In general, a MUX allows us to choose one of n inputs for transmission to the output using $m=2^n$ control bits.The inverter may be viewed as a simple multiplexor where the inputs are tied to $V_{DD}$ and ground. Arrays of pass transistors may be used to create simple switching networks that implement various MUX arrangements.

2:1 Networks -

Operationally, the input data paths are denoted as $P_0$ and $P_1$, while the select bit S determines which input will be directed to the output. This is expressed by writing

$f = P_0.\bar S + P_1 . S$

i.e., S=0 gives and output of $f=P_0$, while S=1 gives an output of $f=P_1$

Figure shows the nFET-based design of a 2:1 multiplexor. By inverting the control signal S and applying it to MOSFET Mn1, we create the term $P_0 \bar S$ Similarly, transistor Mn2 yields the term $P_1S$ by applying the nFET logic expression. The OR operation (+) exists because either the top line is connected to the output OR the bottom line is connected to the output. Note that this neatly sidesteps the problem of not having a logic condition for an open switch by insuring that there is always a connection to the output.

The drawback of this circuit is the reduced voltage logic swing. The minimum voltage at the output is 0v, but the threshold voltage loss restricts the maximum voltage to

$V_{max} = V_{DD} - V_{Tn}$

In addition, charging the output to a logic 1 voltage is very slow compared to the transition downward to logic 0.

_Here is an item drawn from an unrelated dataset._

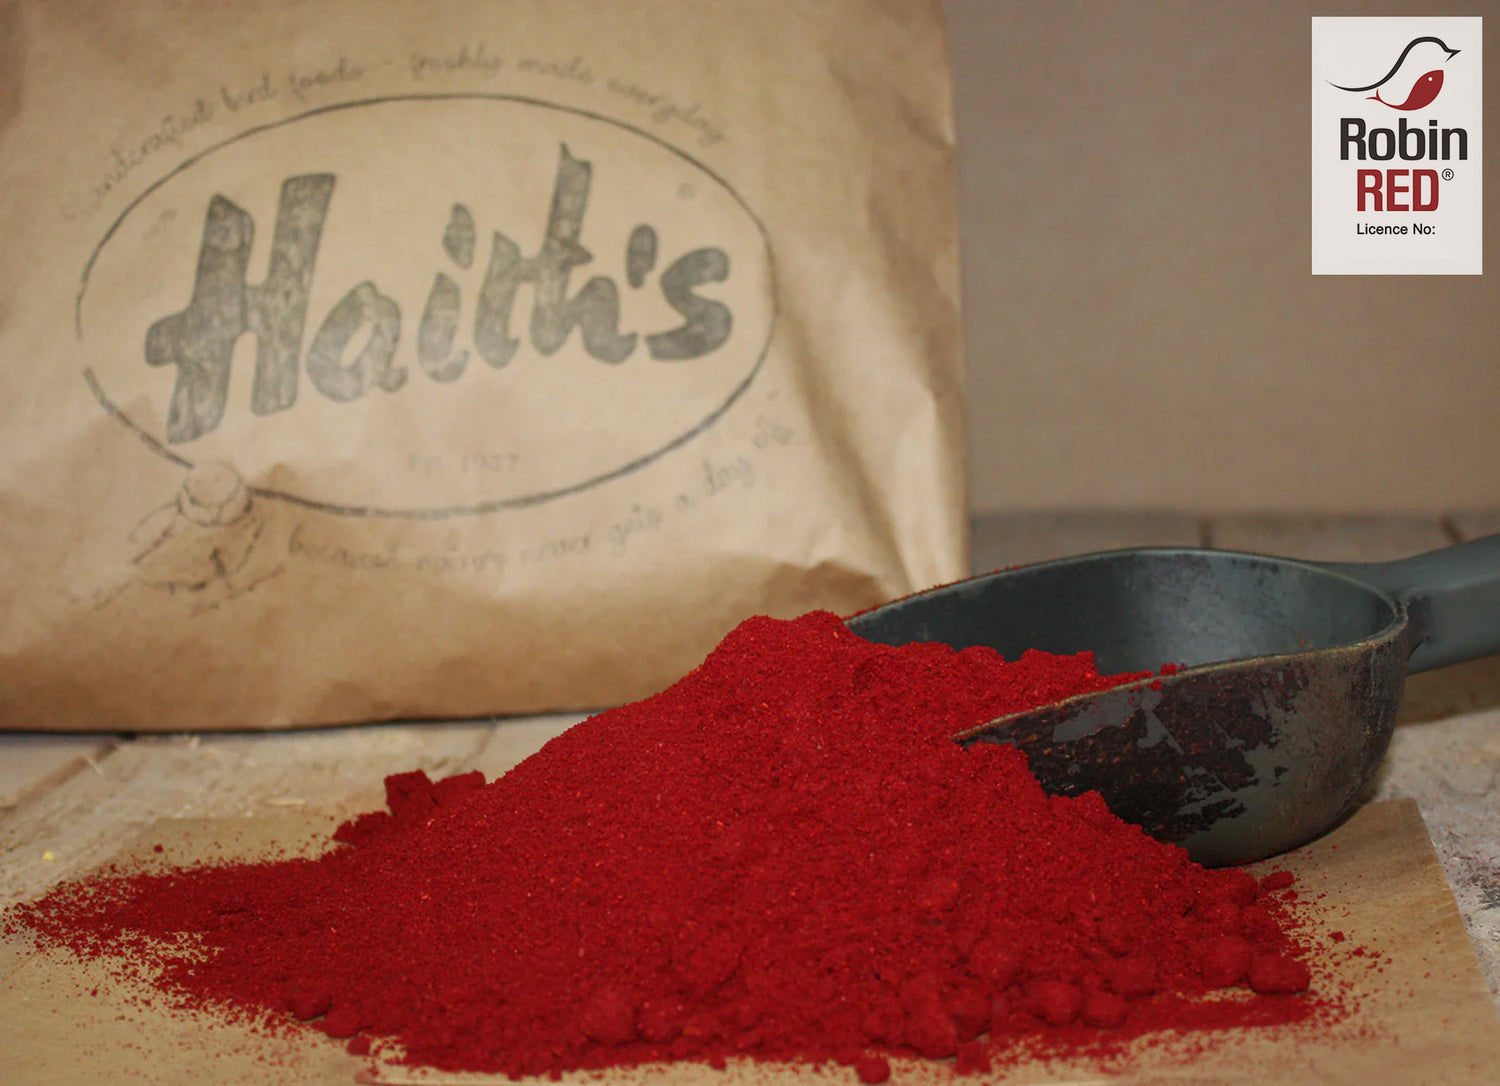 Haith's robin red for fishing inside a scoop

A pFET design for a 2:1 network is shown in Figure . This has the same logical output, but now we apply S to the upper FET Mp1 to switch it ON when S=0. When S=1, the lower FET Mp2 conducts. The output voltage range for this network is between $|V_{Tp}|$ and $V_{DD}$ with the transition to a logic 0 state being the slowest. It would be rare to find this circuit used in practice because we usually try to avoid pFETs in the signal path. However, if the switching speed is not critical, then it could be used to fill up otherwise vacant real estate on the chip. This layout strategy saves the nFETs for the high-speed circuits.

4:1 MUX Networks -

A 4:1 multiplexor uses a two bit word $S_1S_0$ to switch one of the four inputs paths $P_0,P_1,P_2,P_3,$ to the output. This is expressed by

$f = (\bar S_1. \bar S_0).P_0 + (\bar S_1. S_0).P_1 + (S_1. \bar S_0).P_2 + (S_1.S_0).P_3 $

so that the decimal equivalent of $S_1S_0$ determines the selected path.

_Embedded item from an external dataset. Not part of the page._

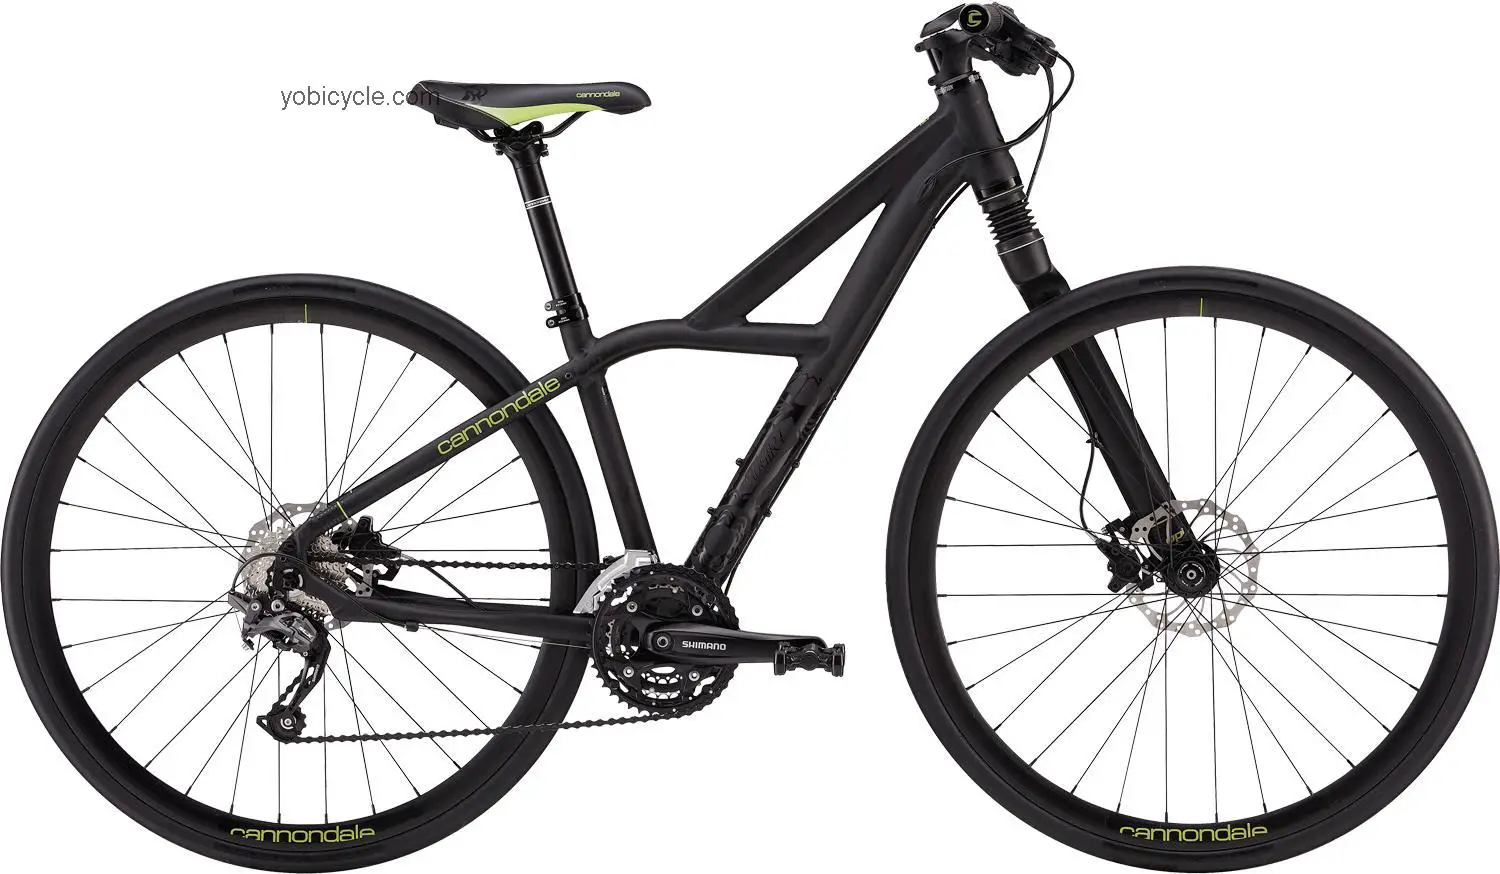 Cannondale Badgirl 1 2013 comparison online with competitors

Figure shows an nFET circuit for the 4:1 MUX network. The output function is obtained by using the nFET switching equation to write each possible output condition. Consider, for example, path $P_0$. The first MOSFET has an input of $P_0$ and is active when $S_1 = 0$ giving a factor $\bar S_1 P_0$; the second nFET uses this as an input, and conducts when $S_0=0$ so the top line provides the first term $(\bar S_1 \bar S_0) P_0$ in the output function. The remaining terms are obtained in the same manner, and the OR function is due to the fact that only one input is connected to the output at a time. The main limitation of this network is the fact that the threshold voltage loss restricts the output voltage to the range $[0v, (V_{DD} - V_{Tn})]$.

Now consider the pFET realization shown in Figure. This provides the same logic switching function, but restricts the transmitted voltage to the range $[|V_{Tp}|, V_{DD}]$ due to the poor logic 0 problem. In addition, the pFETs exhibit slower response when compared to identical size nFETs, and must be made using larger aspect ratios to achieve the same switching speeds.

Merging the nFET and pFET arrays into a single network yields the split array in Figure 4.30. This network gives output voltages in the full range $[0v, V_{DD}$ by using the complementary properties of the transistors. Consider the input $P_0$. If $P_0=0$, then the nFET path allows the output to reach a value of $V_{out} = 0v$ conversely, a value of $P_0 =1$ is transmitted through the pFETs, and $V_{out} = V_{DD}$.The drawbacks of this approach are that

1. Dual arrays of nFETs and pFETs must be used, resulting in a larger area requirement, and,

2. The capacitance $C_{out}$ at the output node will be larger than that of a single array, which increases the switching time constants.

Note, however, that even though $C_{out}$ is increased, the output voltage is exponential in time for either low or high input voltages. This is due to the fact that the split array eliminates the poor logic 1 nFET transition and logic 0 pFET transition by routing through the opposite polarity device.